Comment (2021-06-24 for -14) Sent for earlier

Thank you for addressing my comments.

Francesca

Comment (2021-08-11 for -14) Sent for earlier

Thanks for cleaning up the problems I mentioned about Section 8.  It's much more complete now.

I support Lars' DISCUSS, since it reminds me of the painful problems SPF used to have with its DNS migration plan.

"SFC" appears in the glossary in Section 3, but nowhere else in the document.

Comment (2021-10-04 for -15) Sent for earlier

Thank you to Shawn Emery for the SECDIR review.

Thanks for addressing my DISCUSS and COMMENT feedback.

I support Ben Kaduk’s DISCUSS position.

Comment (2021-03-25 for -12) Sent

I wanted to discuss about
- IOAM domain isolation and boundary
.- needed integrity. It good that there is already intention to work with integrity however, I felt the lack of integrity and impact of that needed to be discussed already for this document.

However, my fellow ADs have already put DISCUSSes on those. I support Roman Danyliw and Benjamin Kaduk's DISCUSSes.

Another major issue - the use of IOAM-Namespaces to provide domain isolation needs to be clarified. It is described that IOAM-Namespaces can be used to filter the IOAM-Domain. However, it is also described that the same node can have different roles ( encapsulating, dencapsulating and transit) for different Namespace. If both of the description is true then I don't think filtering based on IAOM-Namesapces works or I dont understand the filtering concept here.

* Section 3:

Should use the updated RFC 8174 version of the BCP 14 boilerplate.

Nit:
E2E Edge to Edge
PMTU Path MTU
Missing ":", where rest of the entries have them

Geneve: Generic Network Virtualization Encapsulation
[I-D.ietf-nvo3-geneve]
Should refer to RFC 8926.

* Section 4:
The operator has to consider the
potential operational impact of IOAM to mechanisms such as ECMP
processing (e.g. load-balancing schemes based on packet length could
be impacted by the increased packet size due to IOAM)..

is there any guideline available?
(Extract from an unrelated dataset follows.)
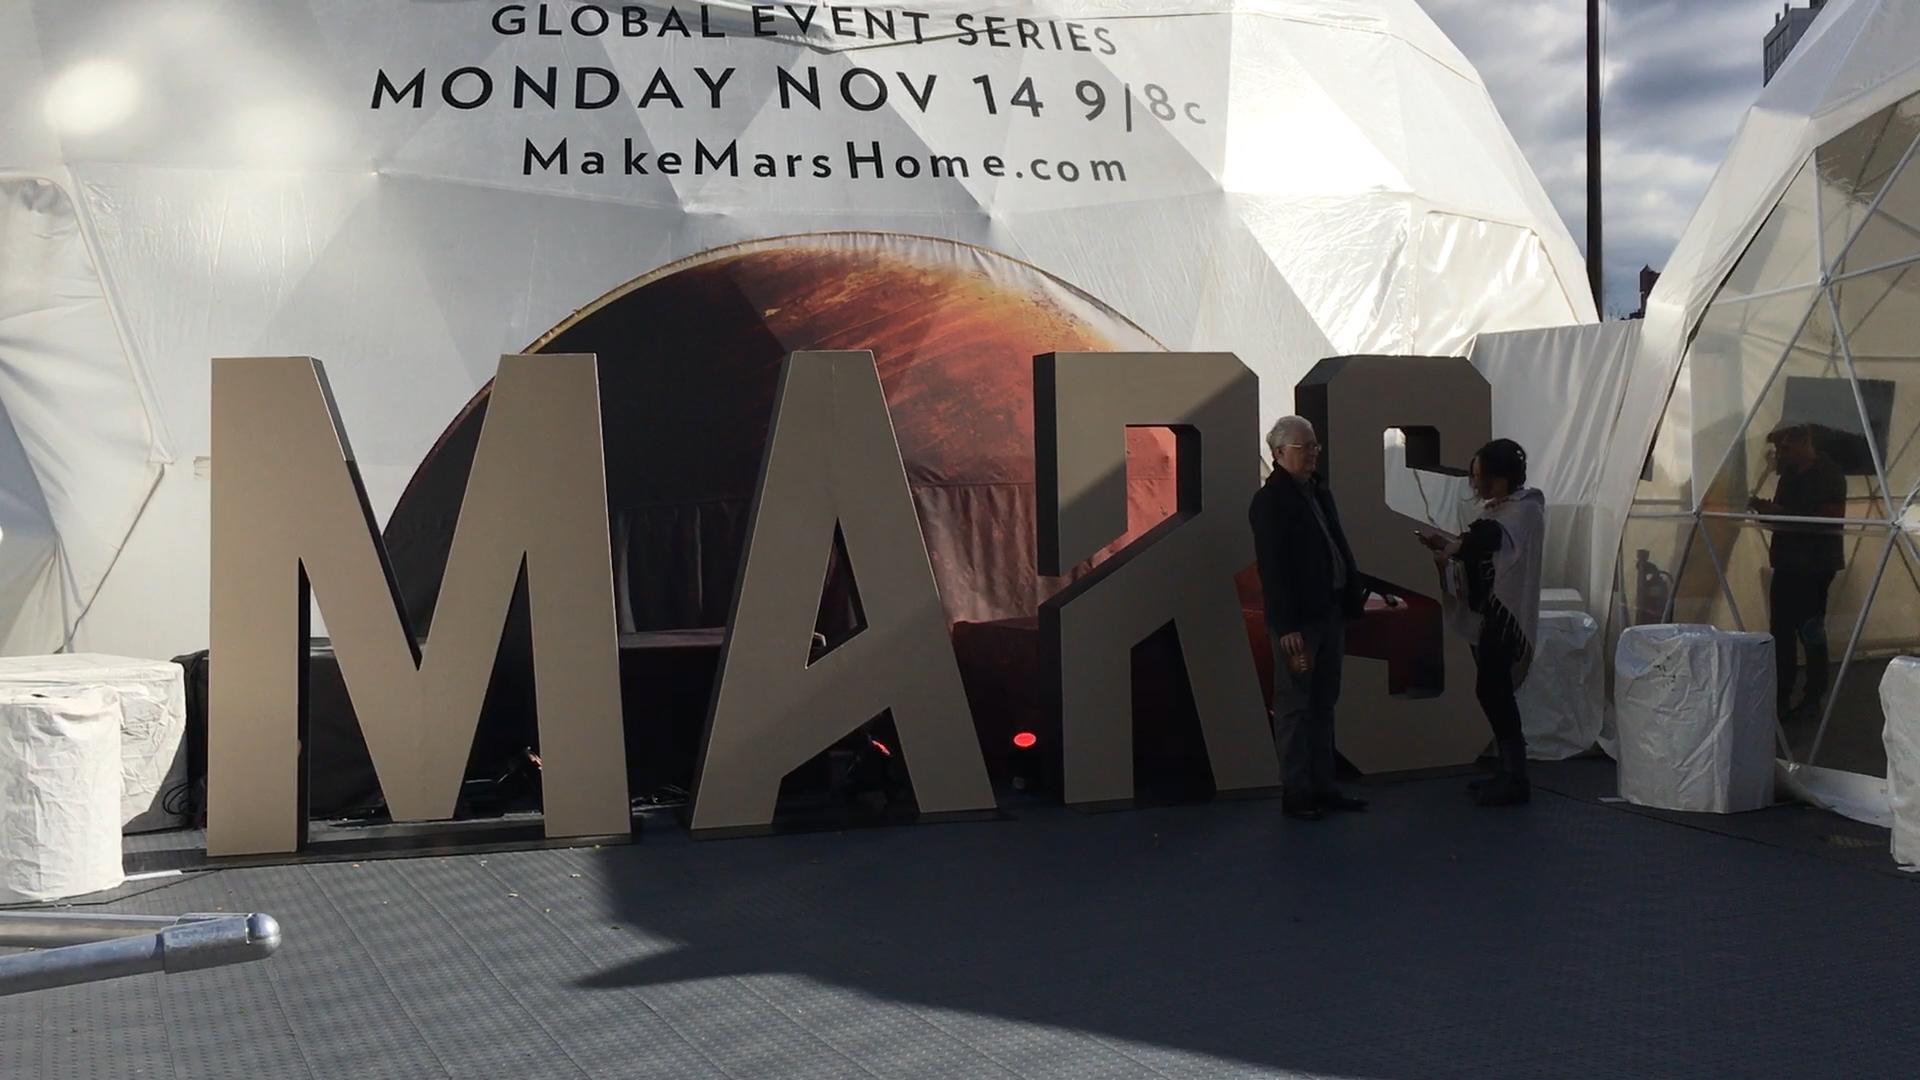 NAT GEO MAKE MARS HOME EVENT

I haven't seen any discussion in the security considerations on this matter either.

IOAM control points: IOAM-Data-Fields are added to or removed from
the live user traffic by the devices which form the edge of a domain.
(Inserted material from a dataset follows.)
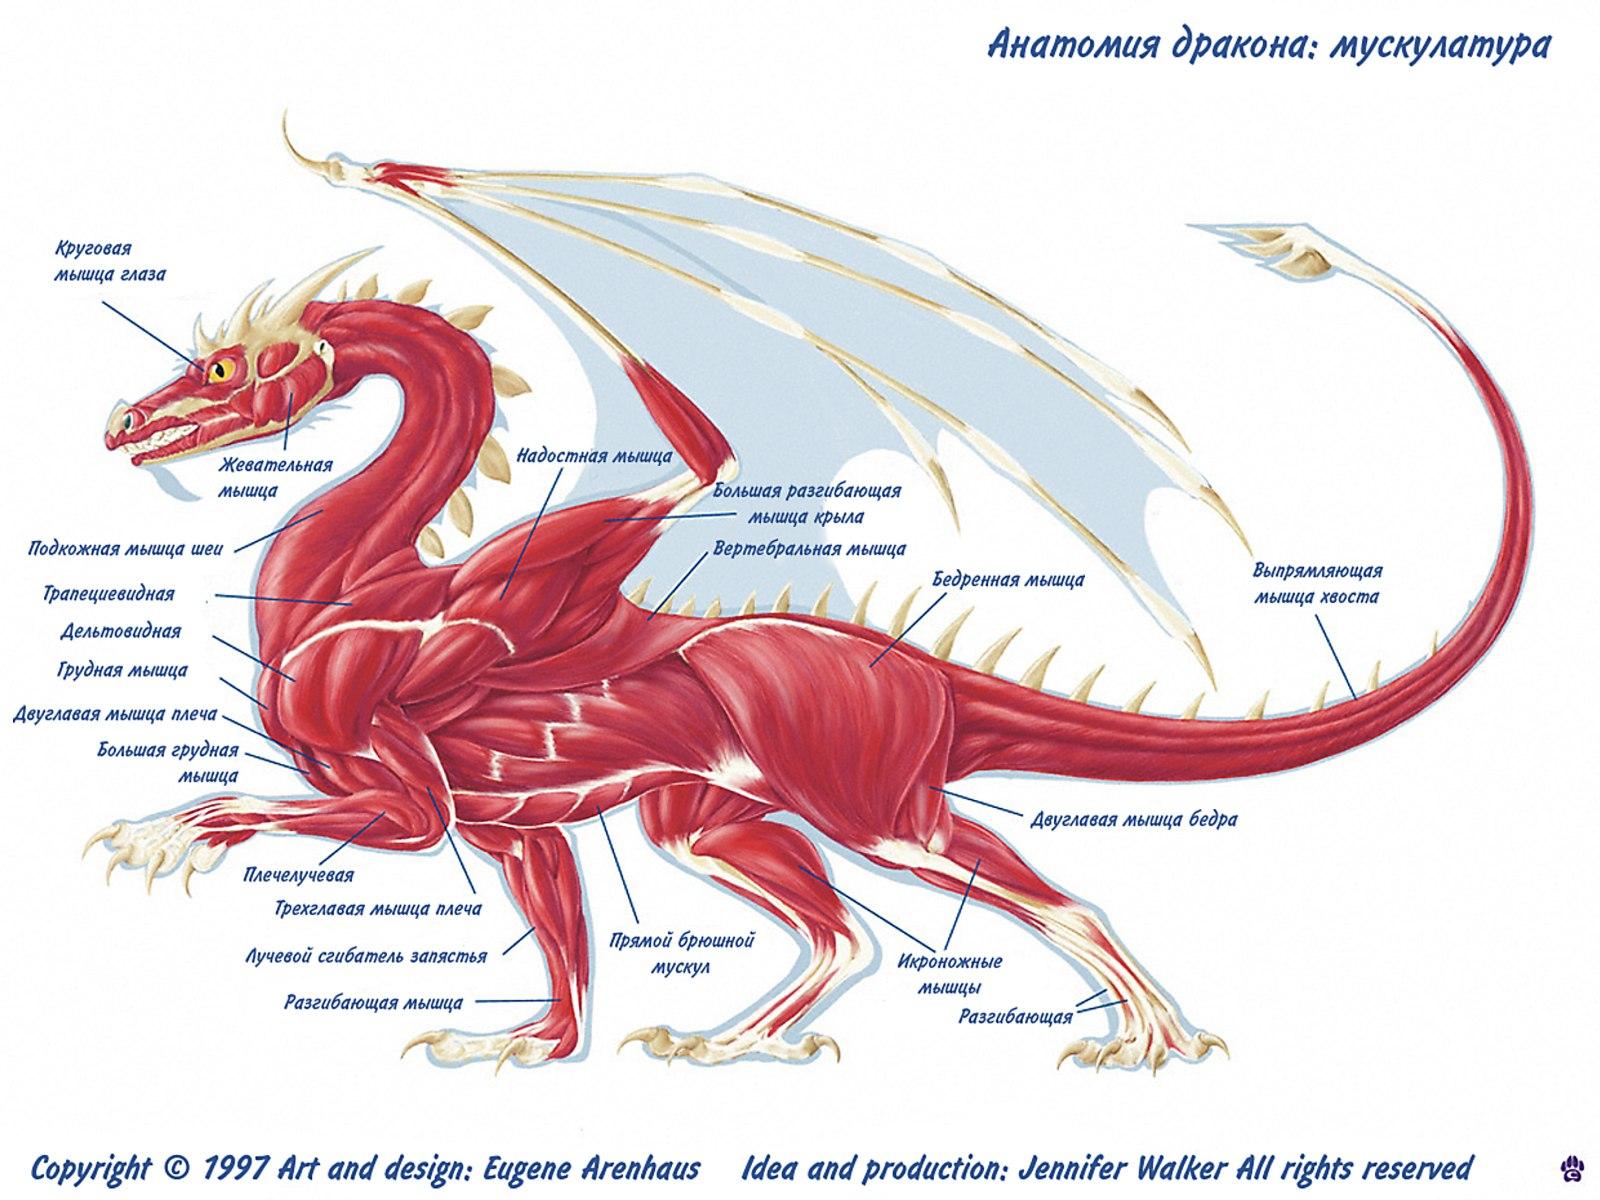 http://dragons-nest.ru/dragons/rasa_drakonov/img/025.jpg

what is live user traffic here? does this suppose to mean current traffic in transition within the IOAM domain?

Devices which form an IOAM-Domain can add, update or remove IOAM-
Data-Fields. Edge devices of an IOAM-Domain can be hosts or network
devices.

"hosts" need to clarified more, host of what?

* Section 5.1 and 5.1.1 :
I cannot find how a POT-profile is defined hence understanding of section 5.1 and section 5.1.1 is troublesome. It would be good have description of the POT-profile prior to talk about it. If this is defined somewhere else then need to refer to that.

* Section 5.4.1:

NodeLen: 5-bit unsigned integer. This field specifies the length of
data added by each node in multiples of 4-octets, excluding the
length of the "Opaque State Snapshot" field.

I would suggest to add reference to the section where the"Opaque state snapshot" is defined.

* Section 6.3 :

Epoch:

The epoch is 1 January 1970 00:00:00 TAI, which is 31 December
1969 23:59:51.999918 UTC.

AFAIK, the UNIX epoch is 1 January 1970 (midnight UTC/GMT). is there any reference to the Epoch used here?

* Section 7:

Needs a reference to IPFIX

Comment (2021-03-25 for -12) Sent

Thank you for the work put into this document and thank you for acknowledging my comments and advices (as they were minor, I am not recusing myself). Sometimes the text is difficult to read as paragraphs and sentences are long and somehow repetitive.

Please find below some non-blocking COMMENT points (but replies would be appreciated), and some nits. Like Alvaro, I was hesitating to ballot a DISCUSS on one point about section 4 (insertion/deletion of data on the flight).

I hope that this helps to improve the document,

Regards,

-éric

== COMMENTS ==

-- Abstract --
"a path between two points in the network" does this mean that this document cannot be used with a multicast destination address ?

-- Section 2 --
Is the list about 'contributors' (as in the section title) or 'co-authors' (as in the text) ?

-- Section 3 --
Please use the BCP14 boilerplate

Please note that Geneve is now RFC 8926.

-- Section 4 --
Should the 'deployment domain' include a reference to RFC 8799 ?

I was about to ballot a DISCUSS on this one: While the actual encapsulation is out of scope, the definition of "IOAM control points" alludes to nodes at the edge and in the core being able to add/remove data fields. This behavior will obviously have some impacts on the PMTU discovery and possibly on the handling of ICMP. Did the authors think of writing a generic section in this document on how this can be done in a correct way?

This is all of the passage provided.